KokkosKernels: Gauss-Seidel threaded setup performance issues with Ifpack2 and MueLu
Created by: pwxy
I am trying to use the KokkosKernels threaded Gauss-Seidel. I'm calling it through ifpack2 ("MT Gauss-Seidel") as a smoother for MueLu, so the problem could be a bad interaction between KokkosKernels and ifpack2 or MueLu.
I'm running drekar on a single KNL of mutrino, with 1 MPI process, and I increase the OMP threads from 1 to 64 (1 OMP thread per core):
setup smoother (ifpack2 "MT Gauss-Seidel")
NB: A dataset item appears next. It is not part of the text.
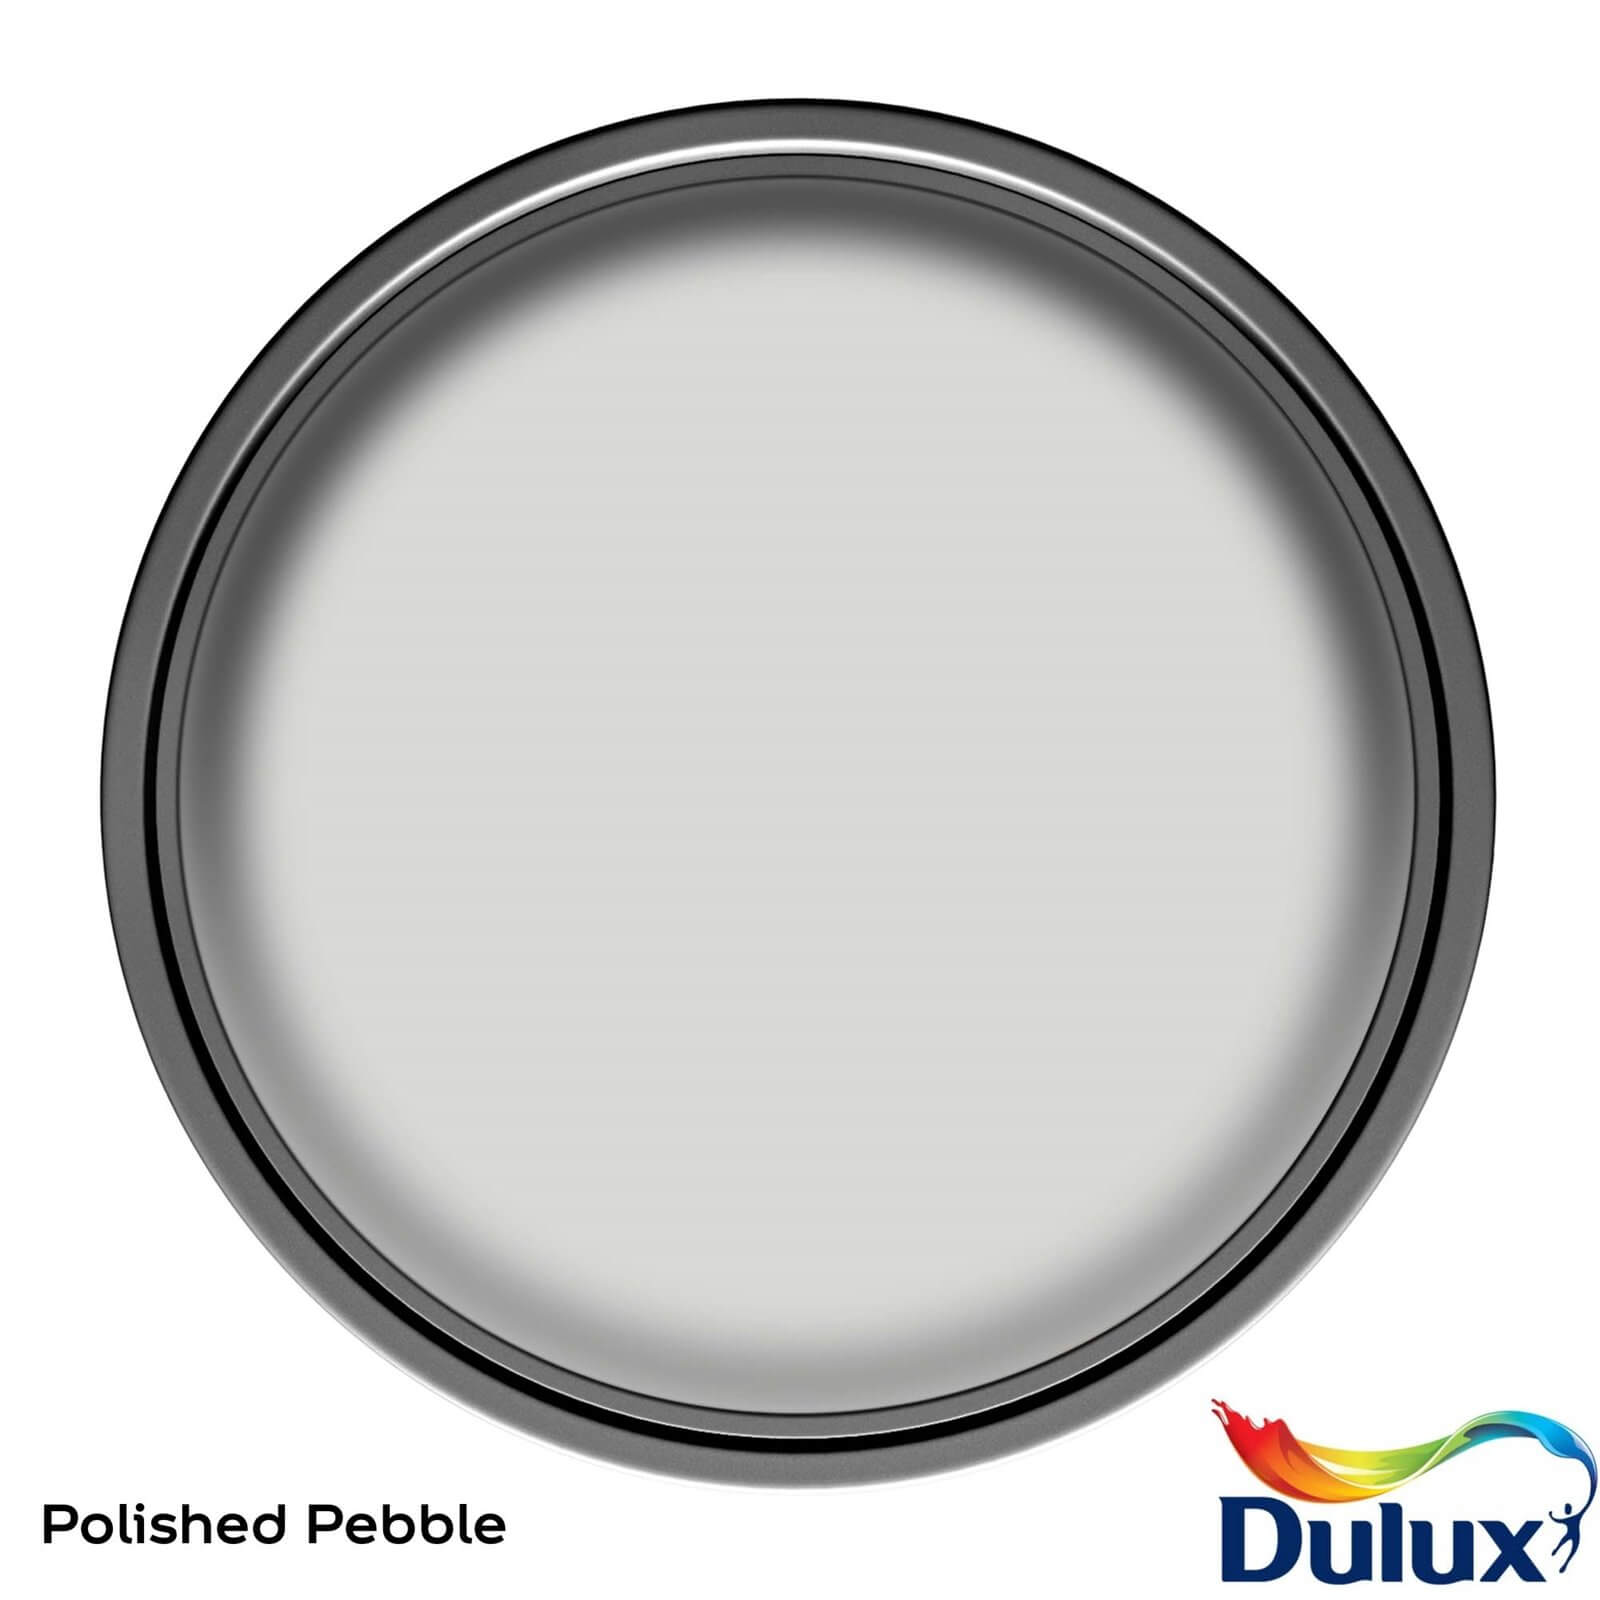 Dulux Easycare Washable & Tough Matt Paint Polished Pebble - 5L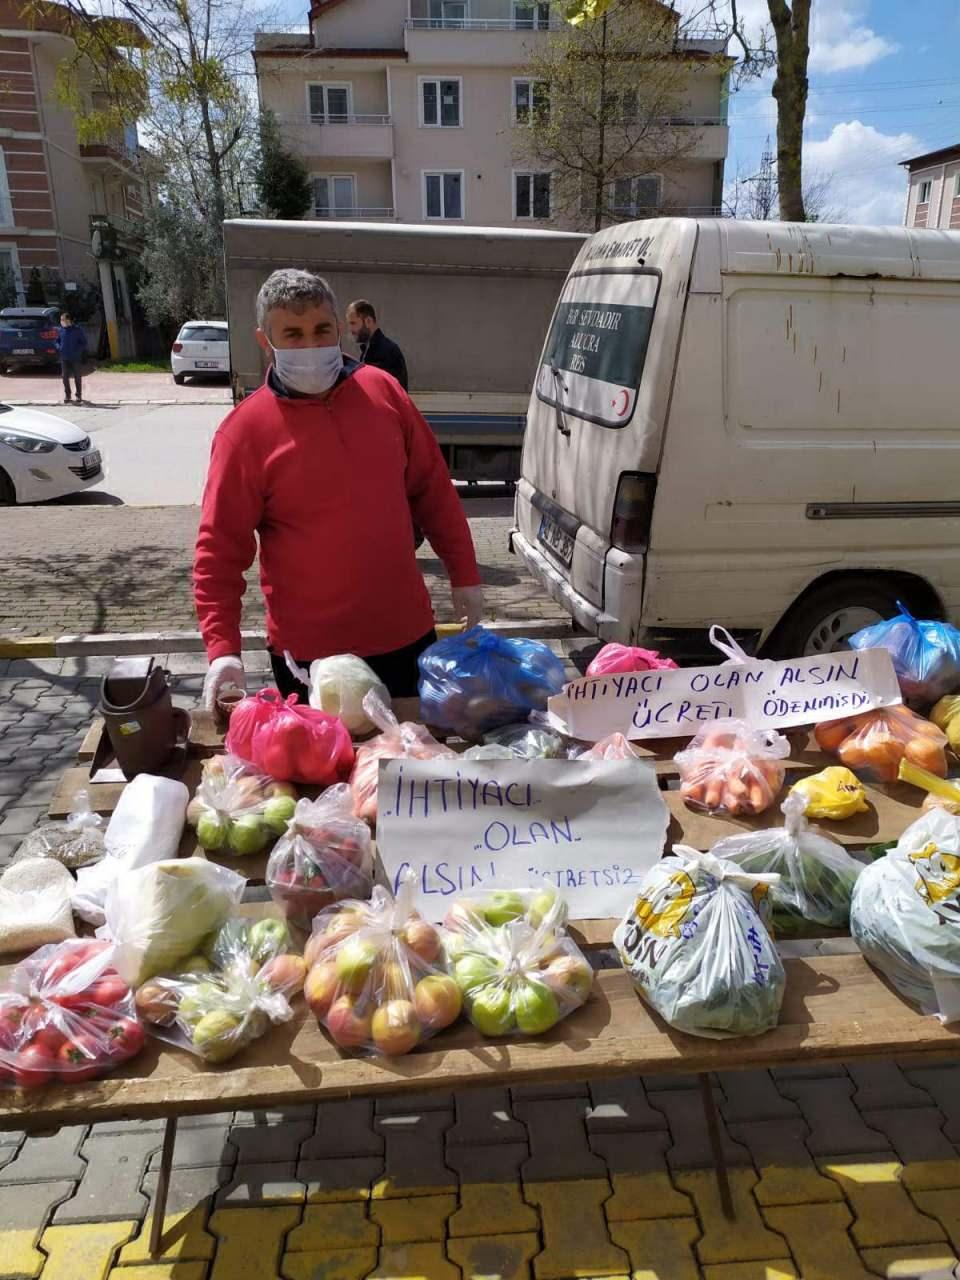 <p>Kocaeli'nin Kartepe ilçesinde, semt pazarında tezgah açan esnaf, ihtiyaç sahipleri için ücretsiz sebze ve meyve tezgahı kurdu. Tezgahtan ihtiyacı olanlar, sebze ve meyveleri aldı.</p>

t | solve time(s) | GS setup time(s) |
---|---|---|
1 | 33.27 | 493.10 |
2 | 24.67 | 286.50 |
4 | 12.26 | 157.80 |
8 | 6.97 | 79.82 |
16 | 3.97 | 36.61 |
32 | 3.50 | 24.06 |
64 | 3.16 | 16.01 |
For reference, here are the times if I use the standard, non-threaded Gauss-Seidel (but if it really is non-threaded, why is the setup time going down as the number of OMP threads is increased?)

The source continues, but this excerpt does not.